_Work instruction_
From the line with "Launch GTA 5" to the final line of the data below, please write out every line exactly, with no pictures.

[Records from a dataset]
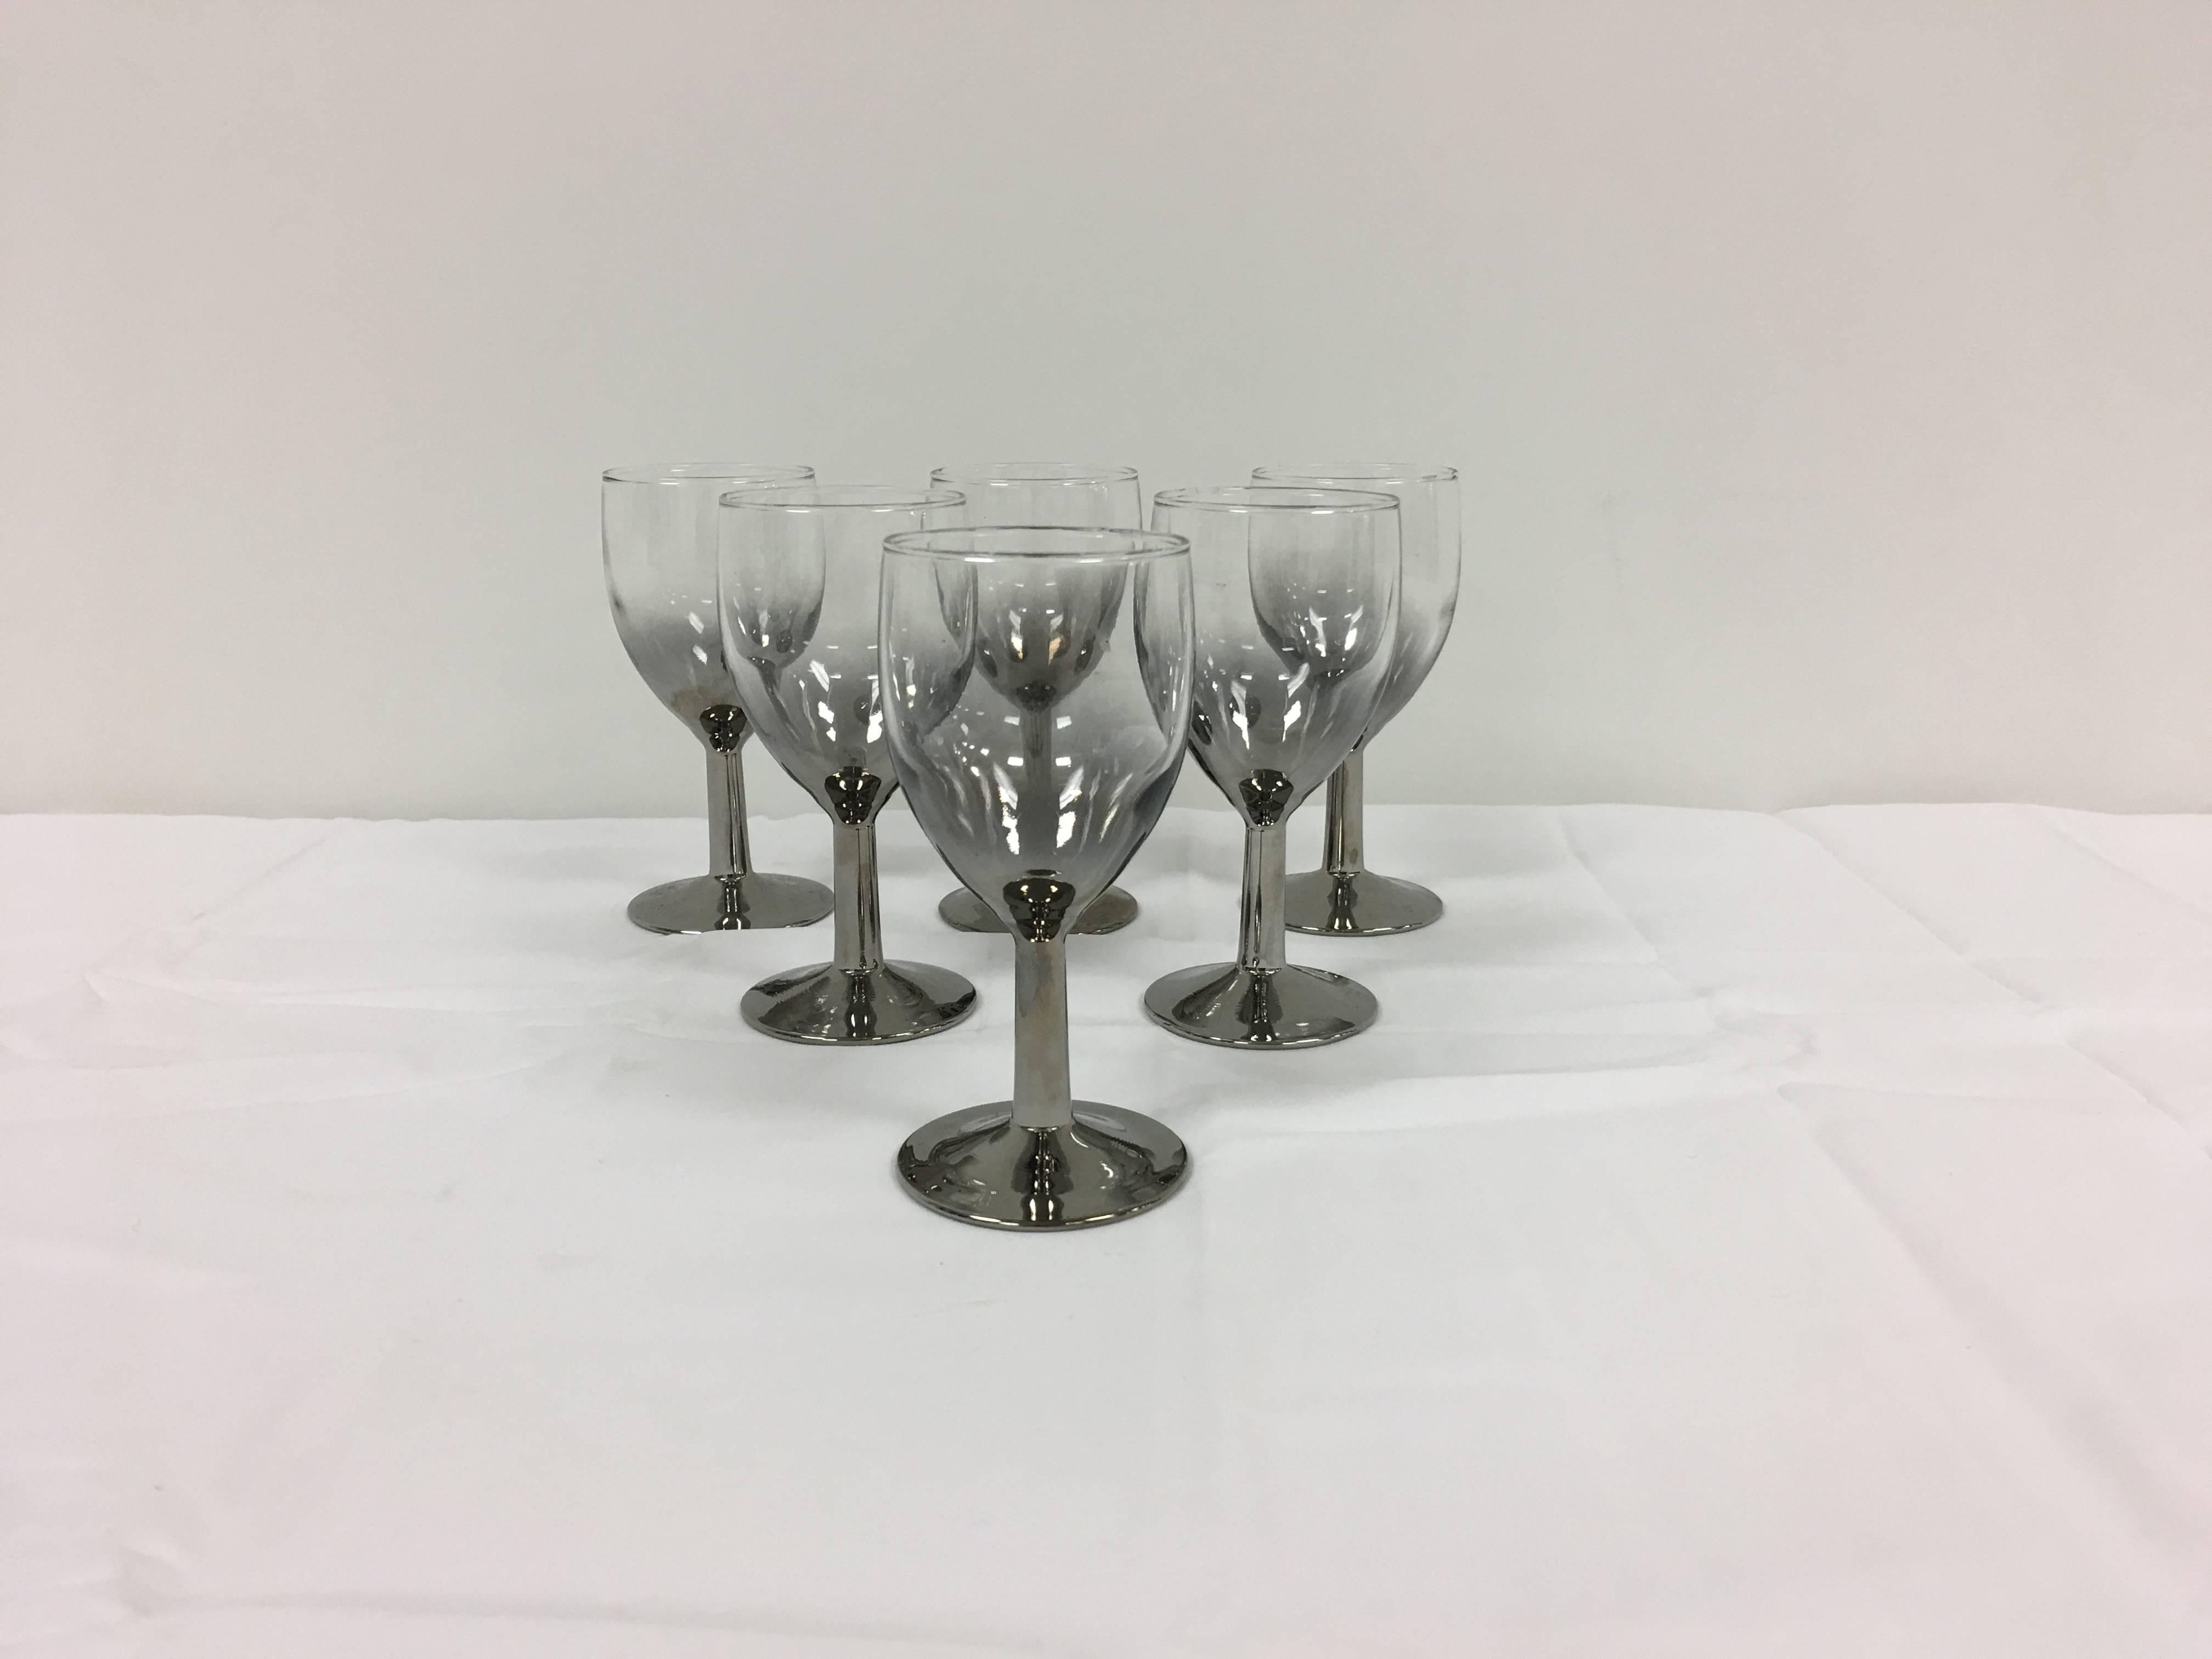 Offered is a gorgeous set of six, Dorothy Thorpe platinum cocktail glasses. Includes chrome stand. 

Each glass is 2.5
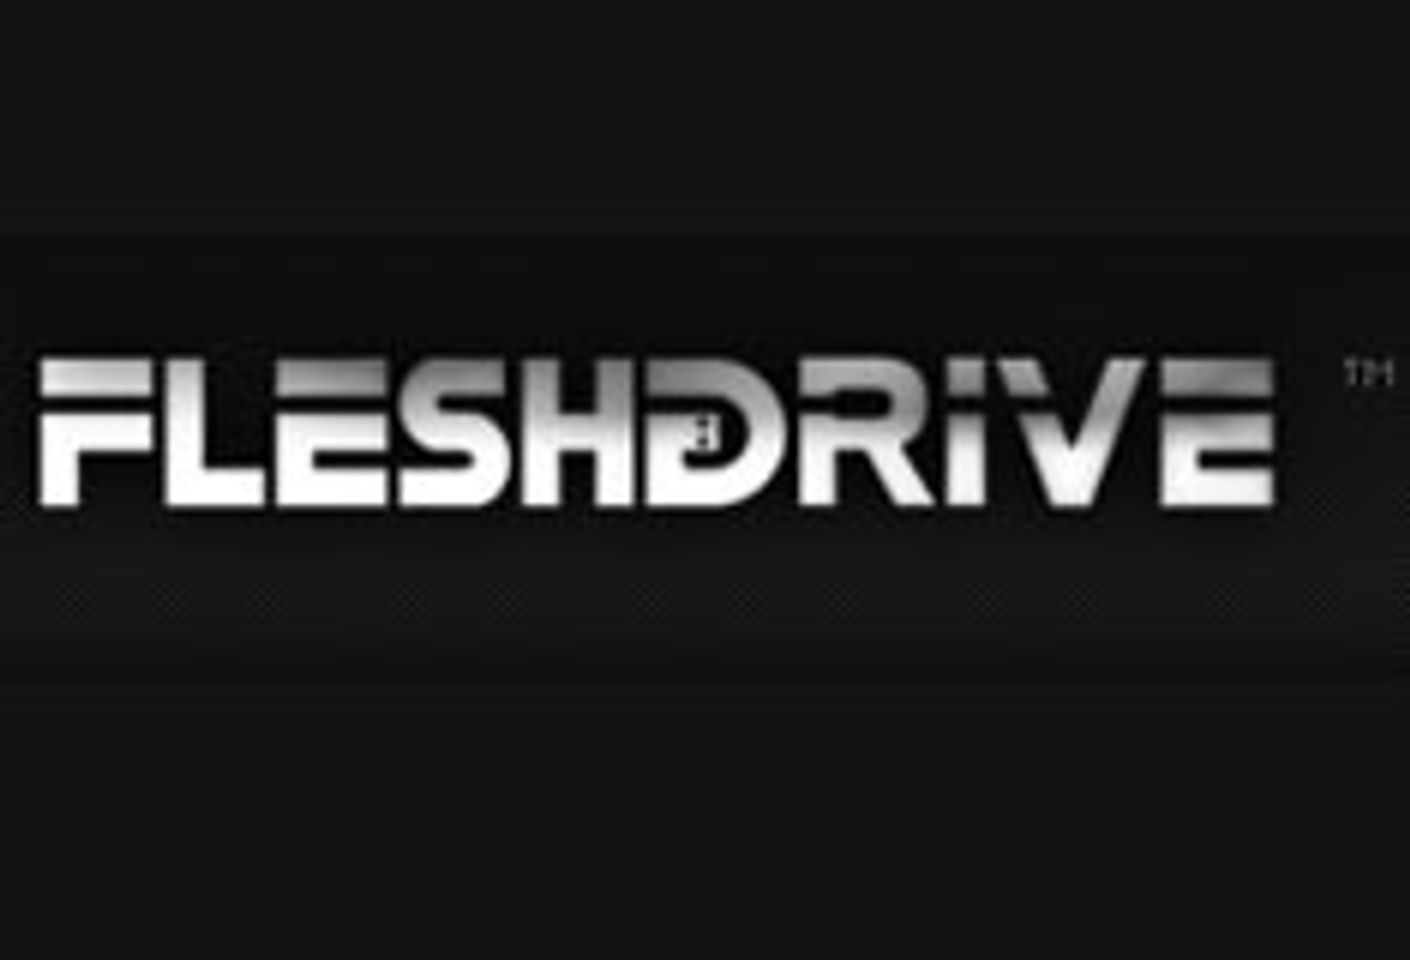 FleshDrive Releases New Mary Carey Drive from Legend
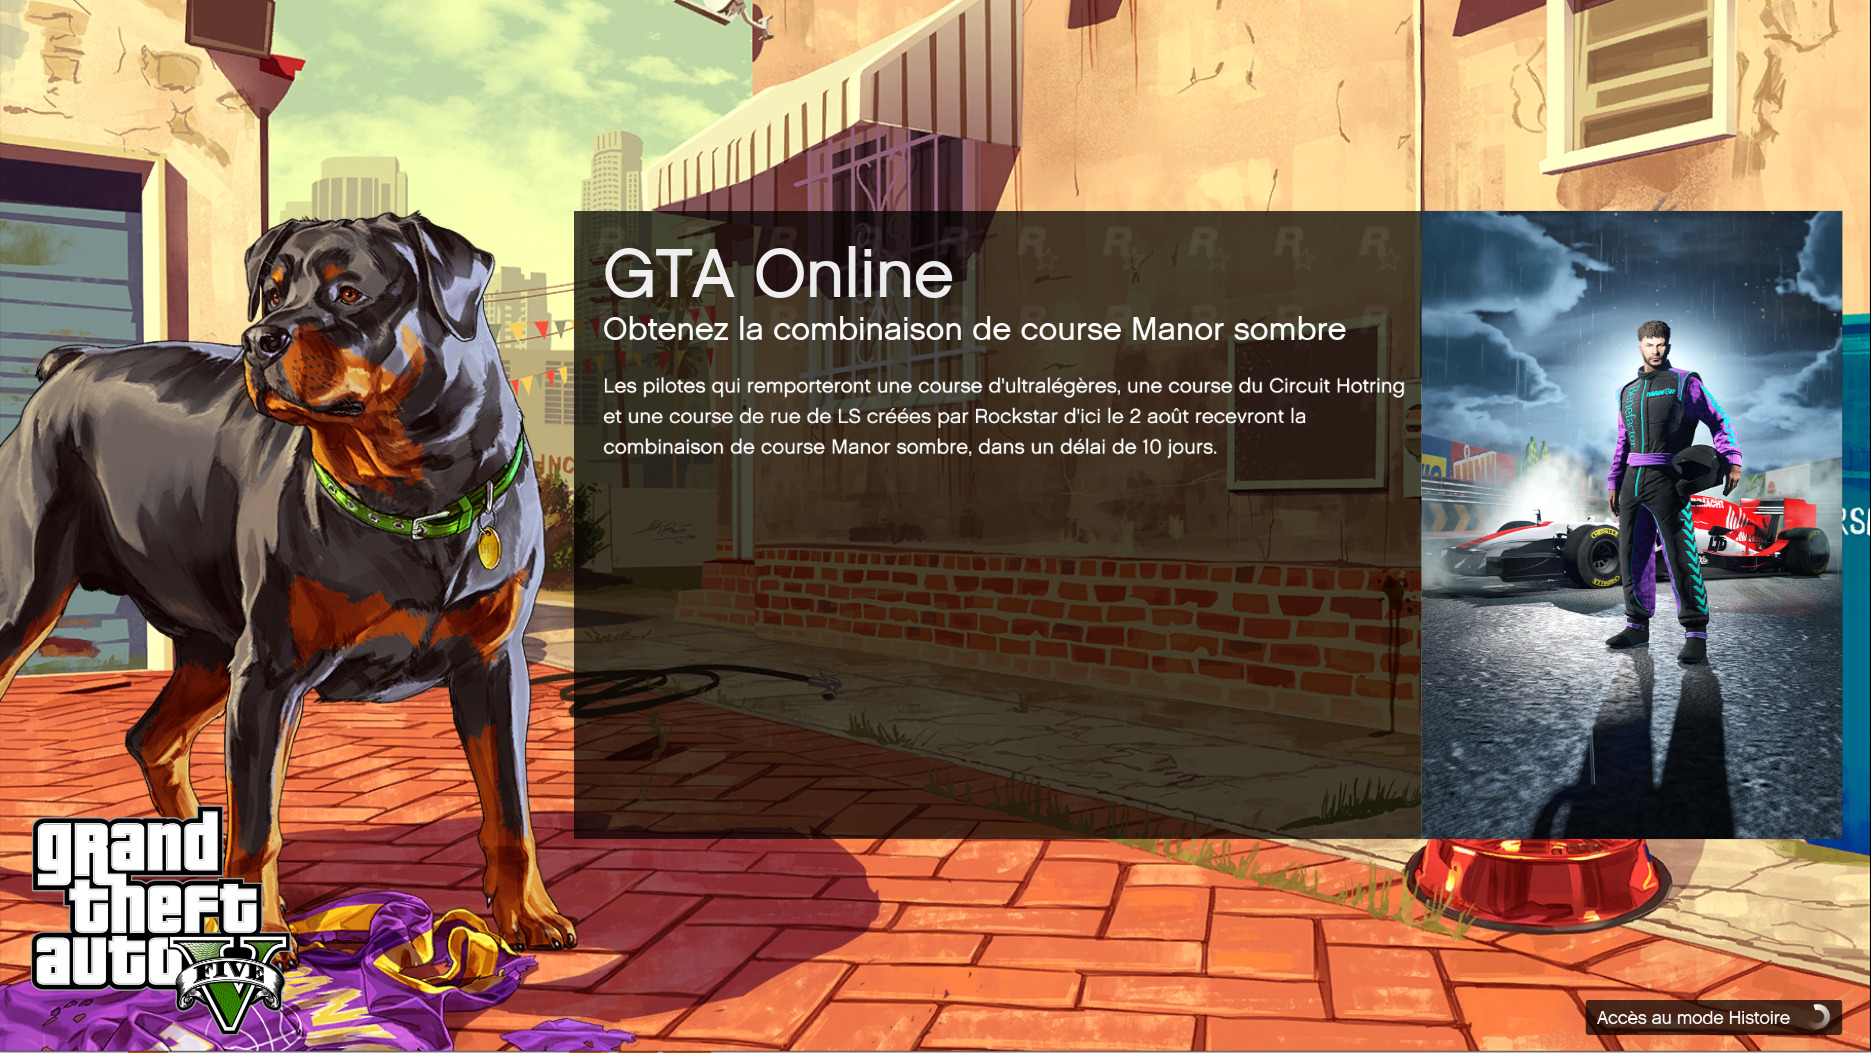 Launch GTA 5 to check if the the language change you made in Epic Games worked. 
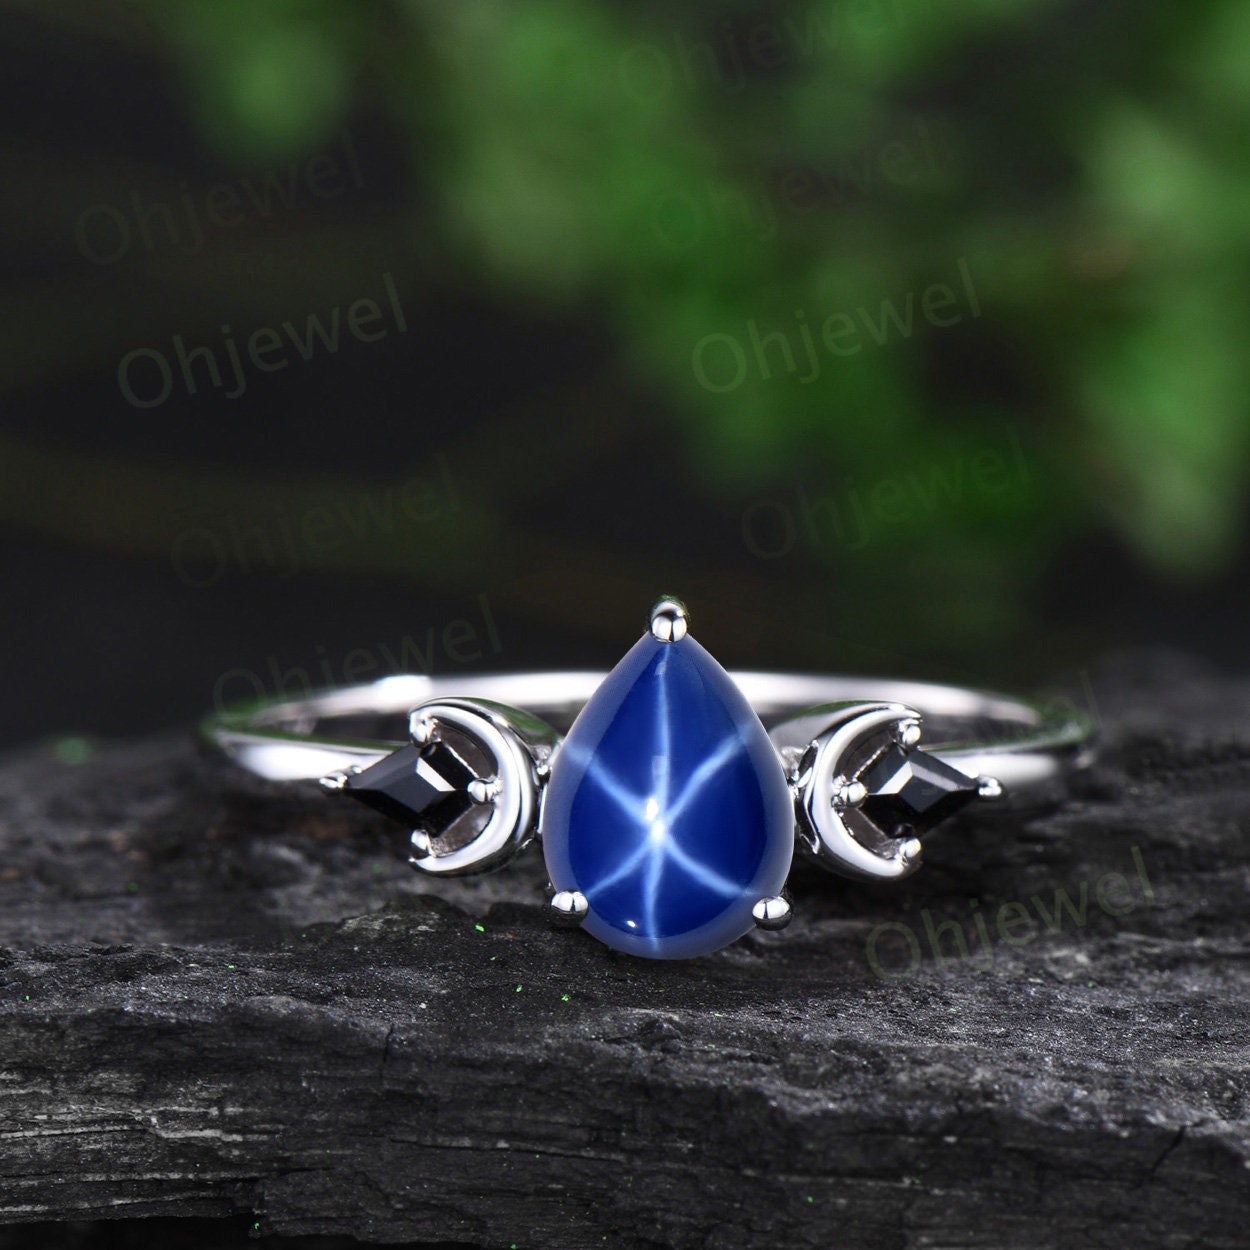 Pear shaped star sapphire ring vintage three stone kite black spinel moon ring white gold unique engagement ring antique bridal set women

_Reply_
 Launch GTA 5 to check if the the language change you made in Epic Games worked. 
 Pear shaped star sapphire ring vintage three stone kite black spinel moon ring white gold unique engagement ring antique bridal set women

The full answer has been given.